Au début du XIXème siècle, en 1802, le consulat met en place en France un système


autorisant les maisons closes et obligeant les prostituées, qu’elles soient dans les maisons
closes ou dans la rue, à passer des examens sanitaires et gynécologiques dans les hôpitaux.
C’est ce qui est appelé le « réglementarisme ». C’est le médecin hygiéniste Alexandre Parent-
Duchatelet qui théorise ce modèle, après avoir effectué de nombreuses recherches dans le
domaine de la prostitution. Il affirme que la prostitution est un « mal nécessaire » dont la
société ne peut se passer. Il déclare que les prostituées sont inévitables et parle à ce titre
d’ « égout séminal ». Cependant, à l’heure où les maladies sexuelles ne sont pas encore
toutes identifiées, il juge nécessaire l’emploi de contrôles sanitaires du corps des femmes qui
pourraient transmettre des maladies vénériennes telles que la syphilis. Elles sont donc
perçues comme vectrices de maladies sexuellement transmissibles. Ces maladies,
sexuellement transmissibles, peuvent être un désastre dans les sociétés, notamment si elles
touchent beaucoup de soldats. En effet, au retour de la guerre de Crimée, on juge l’état
sanitaire des troupes, déplorable. Ainsi, il s’agit de réguler un mal social dont l’économie ne
peut plus se passer. La prostitution devient alors une réelle institution étatisée dans laquelle
les femmes sont encore plus réprimées qu’elles ne l’étaient déjà. Elles sont contrôlées et si
elles sont identifiées comme malades, elles sont internées dans un dispensaire hospitalier.
Alors qu’elle était considérée comme un mal nécessaire au début du XIXème siècle, la
prostitution devient un « fléau social ».
Ce système réglementaire s’exporte à la fin des années 1860 en Angleterre. En 1869,
sont promulguées les contagious diseases act (lois sur les maladies contagieuses). Ces lois
reprennent le principe de réglementation de la prostitution en France avec le contrôle
sanitaire des femmes dans les maisons closes et dans la rue. Le modèle s’importe
principalement car un grand nombre de médecins anglais ont fait leurs études en France :
quand ils en reviennent, ils jugent nécessaire d’adopter les mêmes aménagements. Ainsi,
désormais, en Angleterre, l’Etat peut, au même titre que la France, surveiller la prostitution
et agir sur le nombre de maladies vénériennes qui se propagent, notamment chez les soldats
dans la Royal Navy et dans l’armée britannique.

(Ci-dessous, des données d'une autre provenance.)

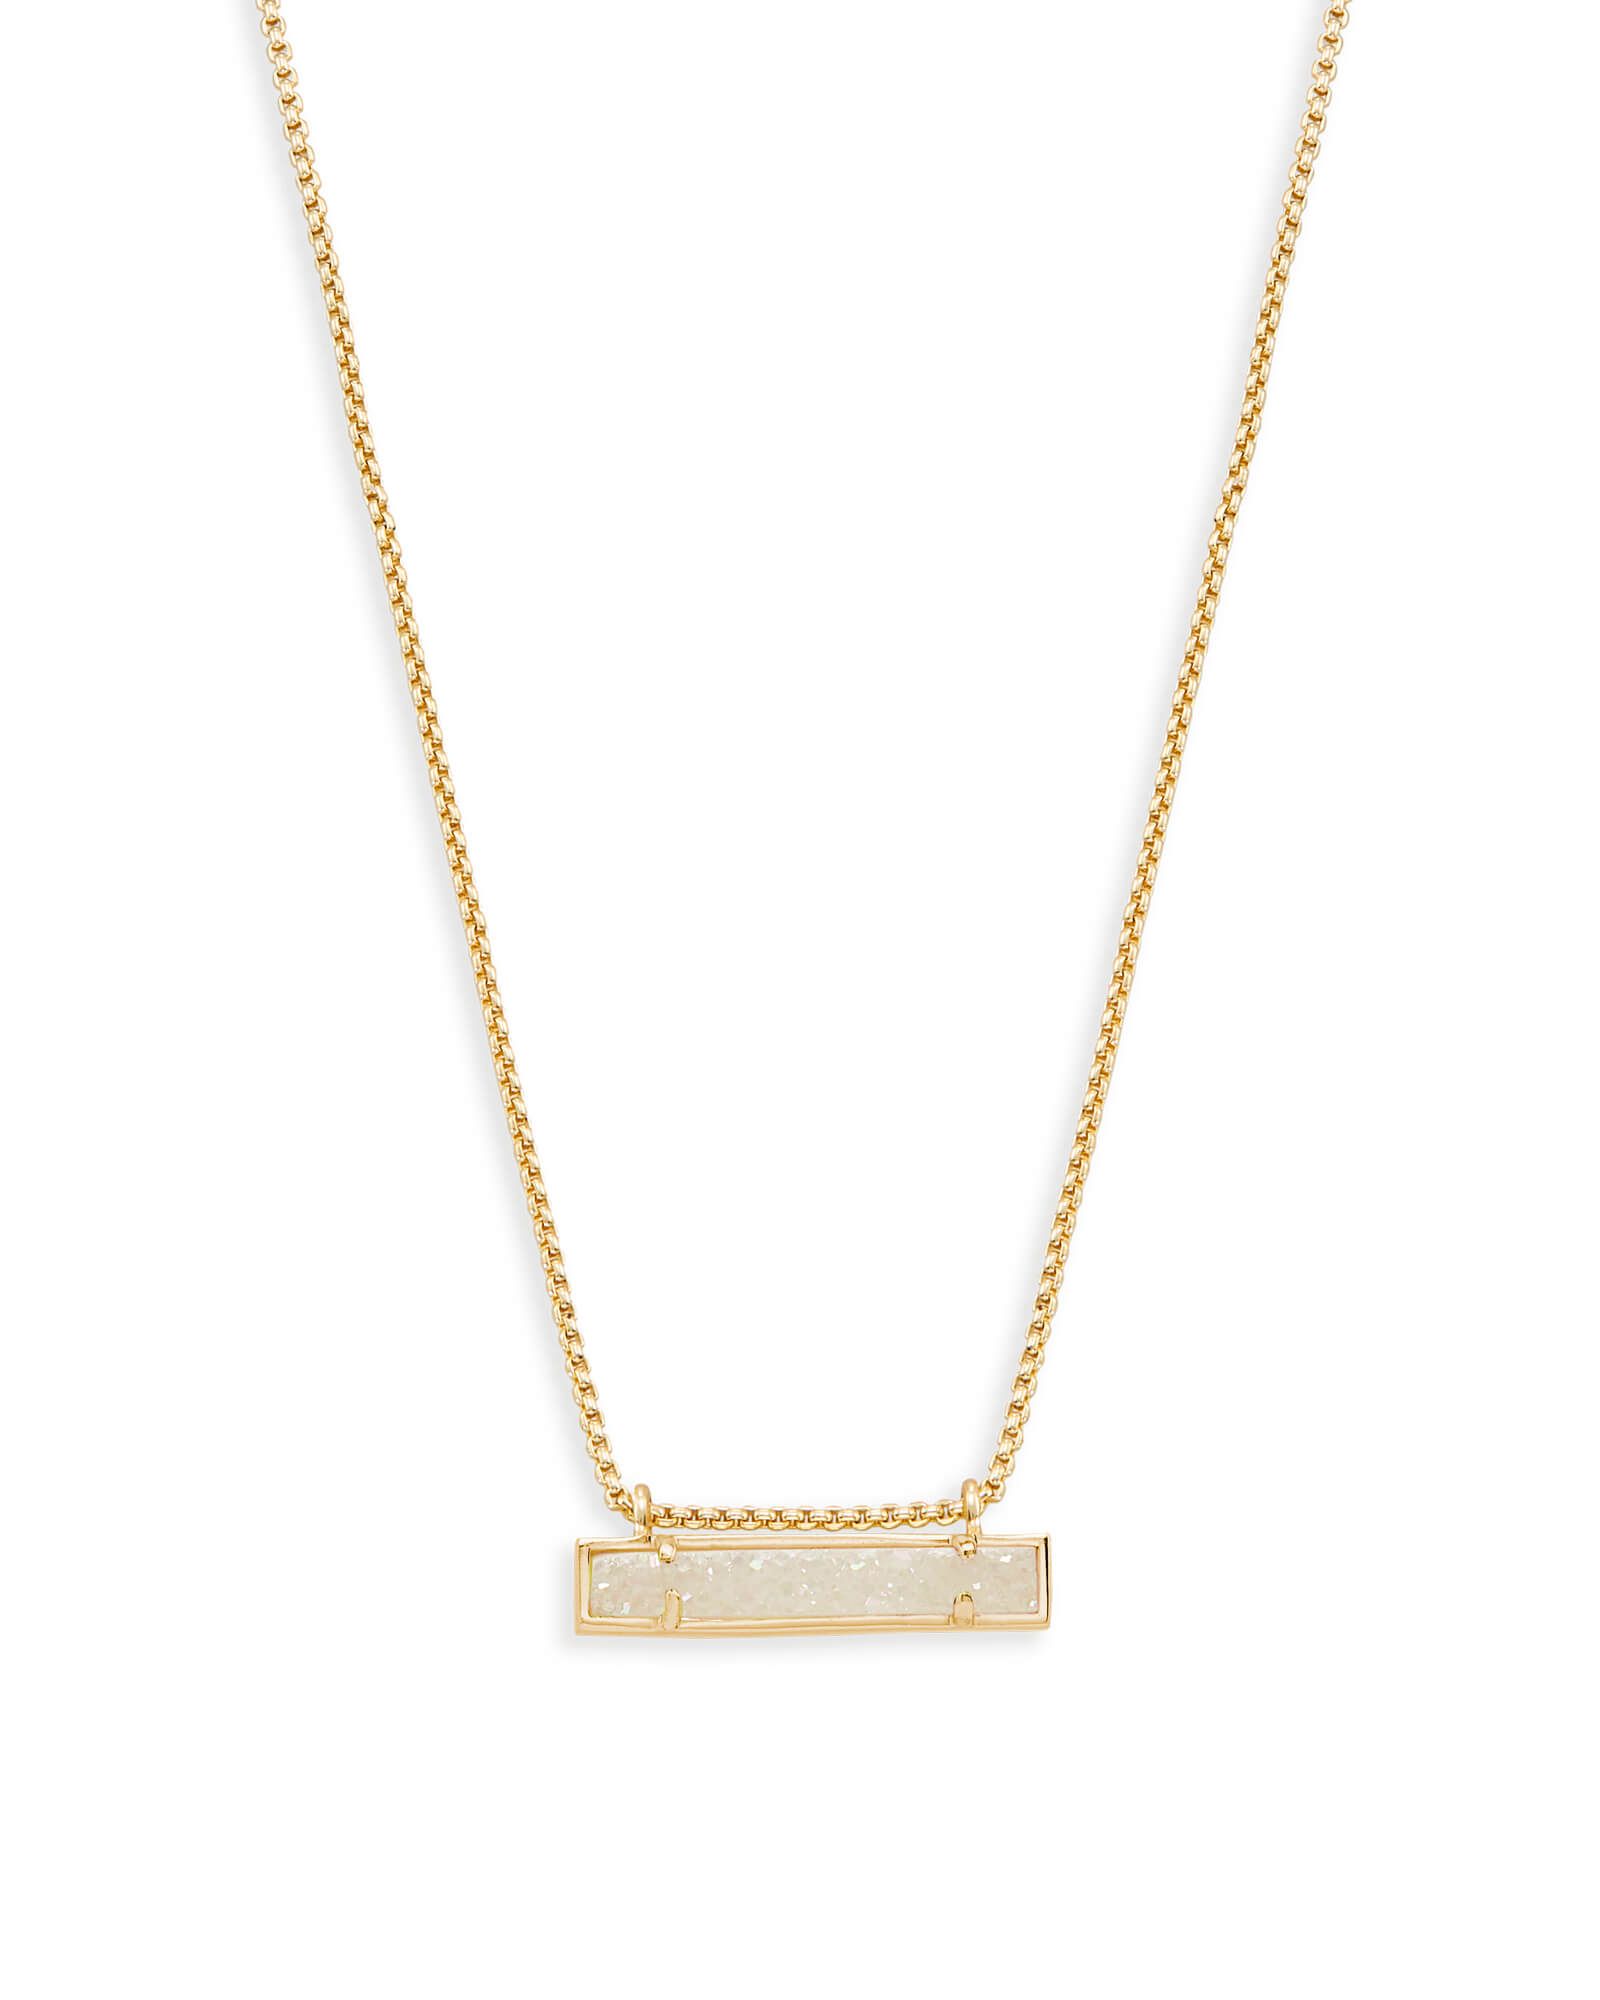 Leanor Gold Bar Pendant Necklace in Drusy | Kendra Scott | Kendra Scott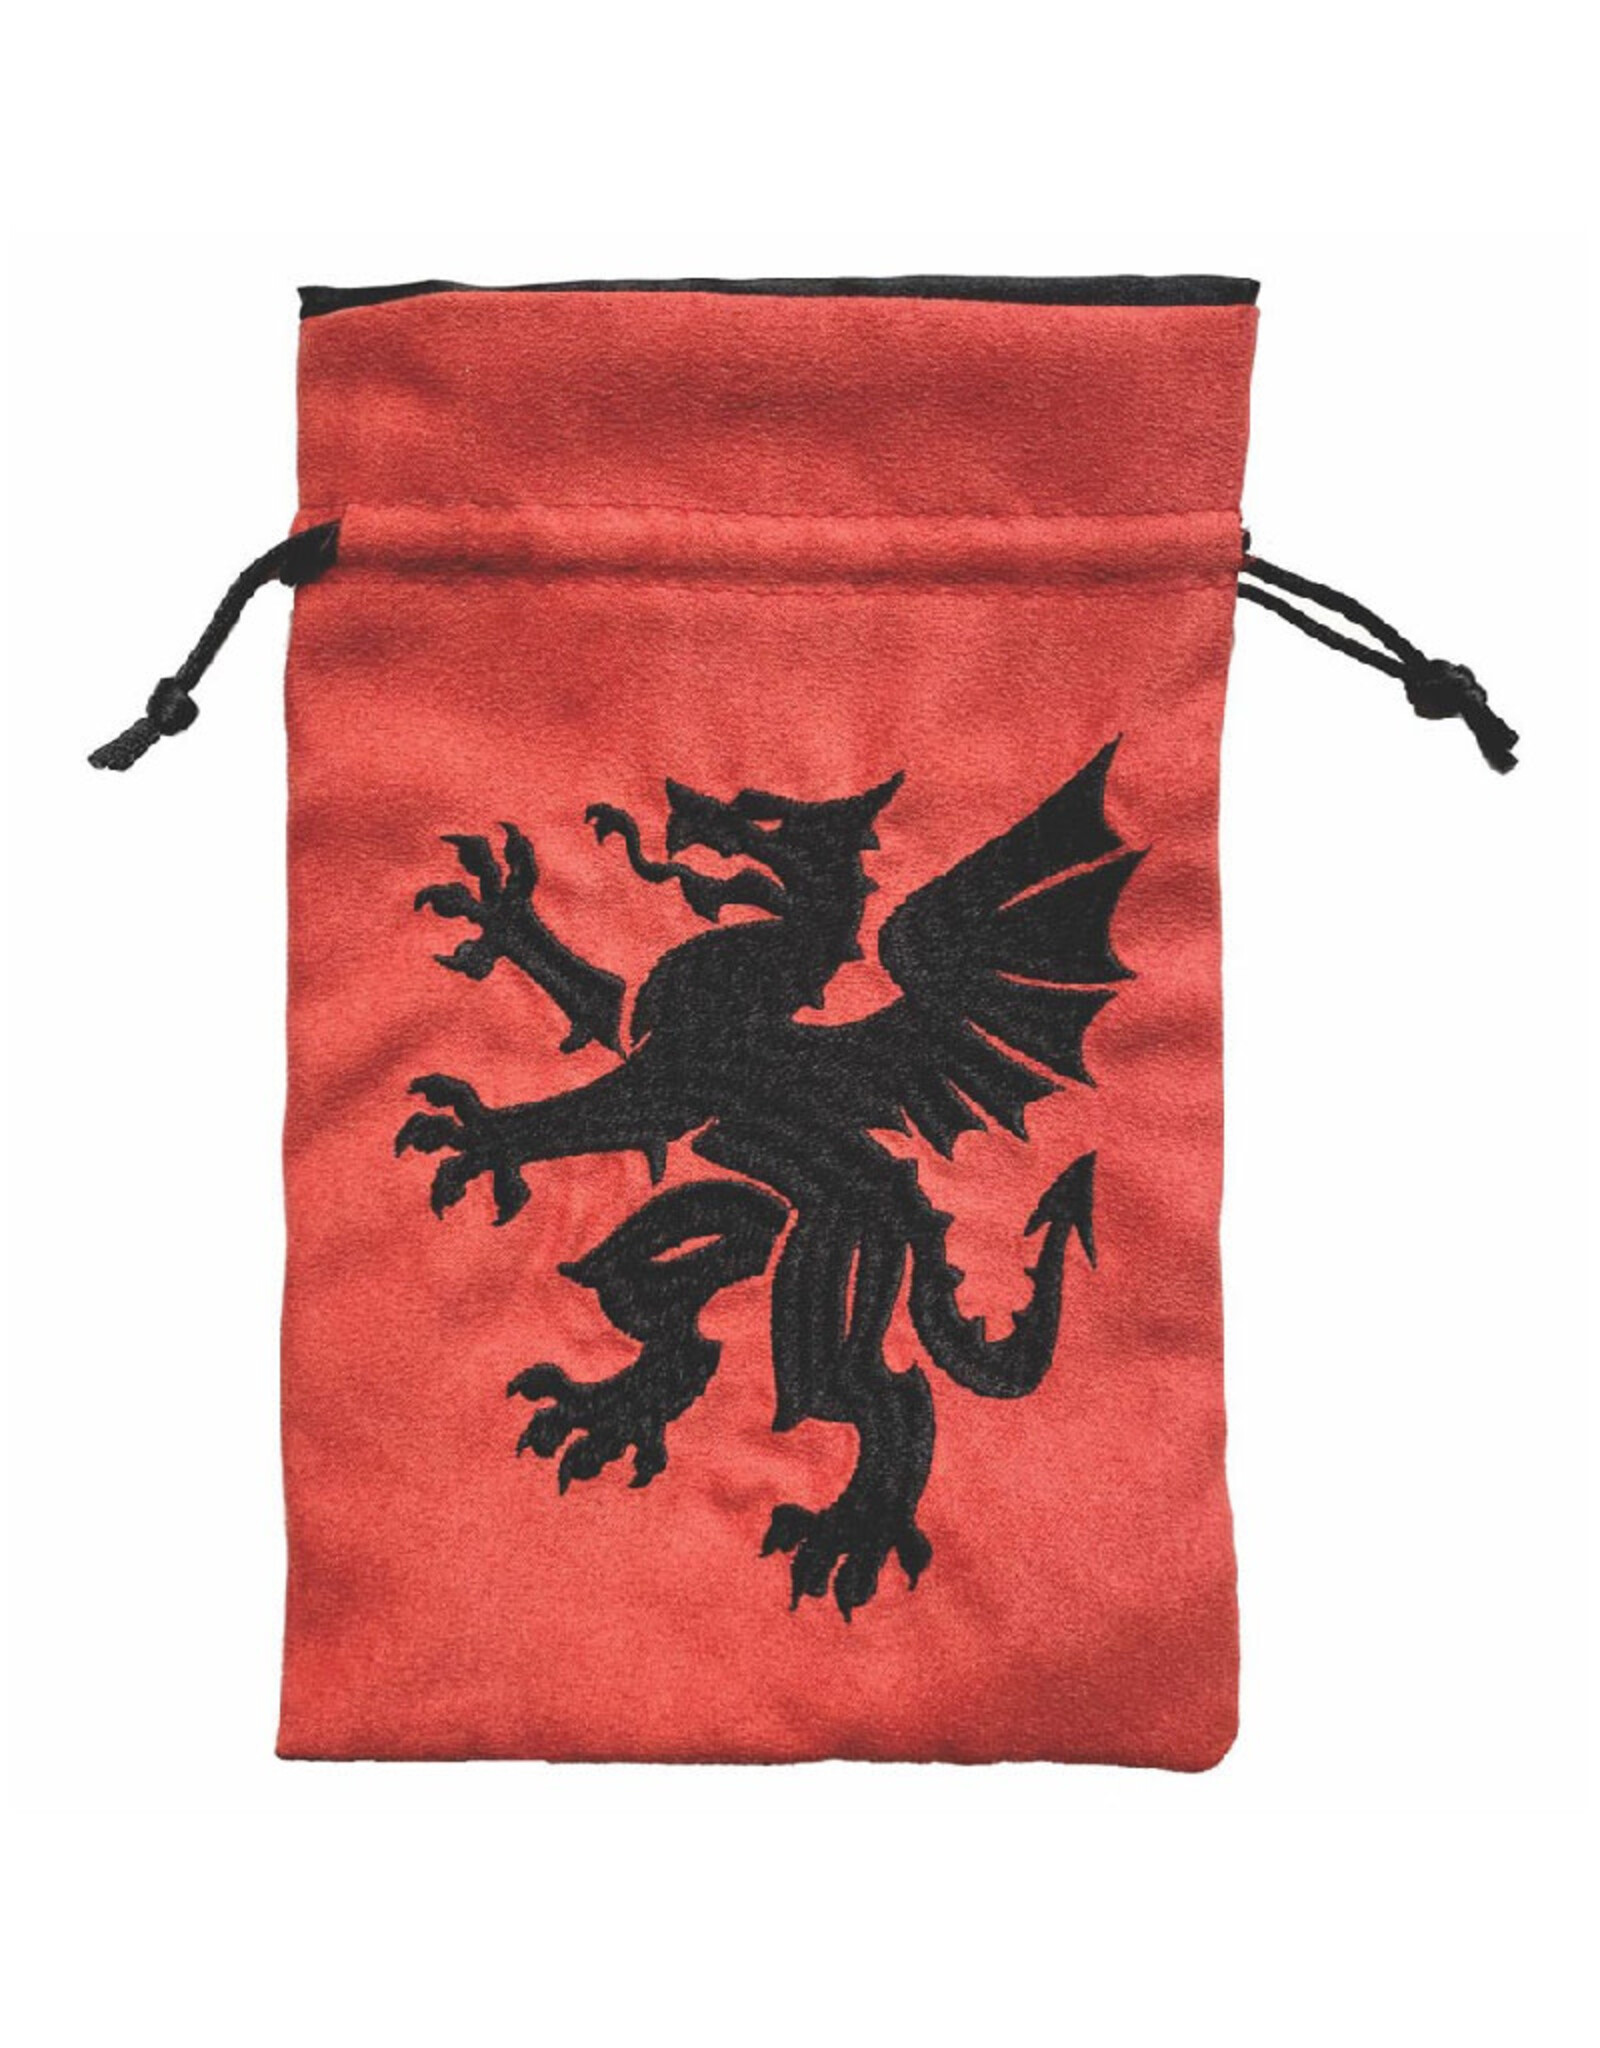 Misc Dice Bag: Heraldry (Dragon)

Petit à petit, en Angleterre, une opposition à ces lois se met en place. C’est à ce moment
qu’émerge la figure de Josephine Butler. Elle condamne fermement la diffusion de ces lois
dans son pays qui sont, selon elle, une atteinte aux libertés individuelles. En effet, selon elle,
elles remettent en cause la théorie de l’ « habeas corpus » selon laquelle chaque individu
dispose d’un principe de liberté individuelle. La loi sur l’habeas corpus est votée au XVIIème
siècle par le Parlement anglais. Ainsi la loi sur les maladies contagieuses dans laquelle les
prostituées sont soumises à n’importe quel moment à des examens sanitaires et
susceptibles d’être arrêtées par des policiers et médecins vient entacher les valeurs de
liberté du pays.
Suite à la publication des Contagious Diseases Act (CDA) votées entre 1864 et 1869,
Josephine Butler décide de se lancer dans une lutte sans merci pour la défense des
prostituées. En effet, depuis la mort de sa fille, elle est en quête d’une cause à défendre. Si
Josephine Butler n’est pas la première à se révolter contre ces lois (Harriet Martineau s’y
oppose à partir de 1864), de grandes figures féministes de la fin du XIXe siècle (Frances
Power Cobbe, Emily Davis, Barbara Smith Bodichon) n’ont pas participé au mouvement.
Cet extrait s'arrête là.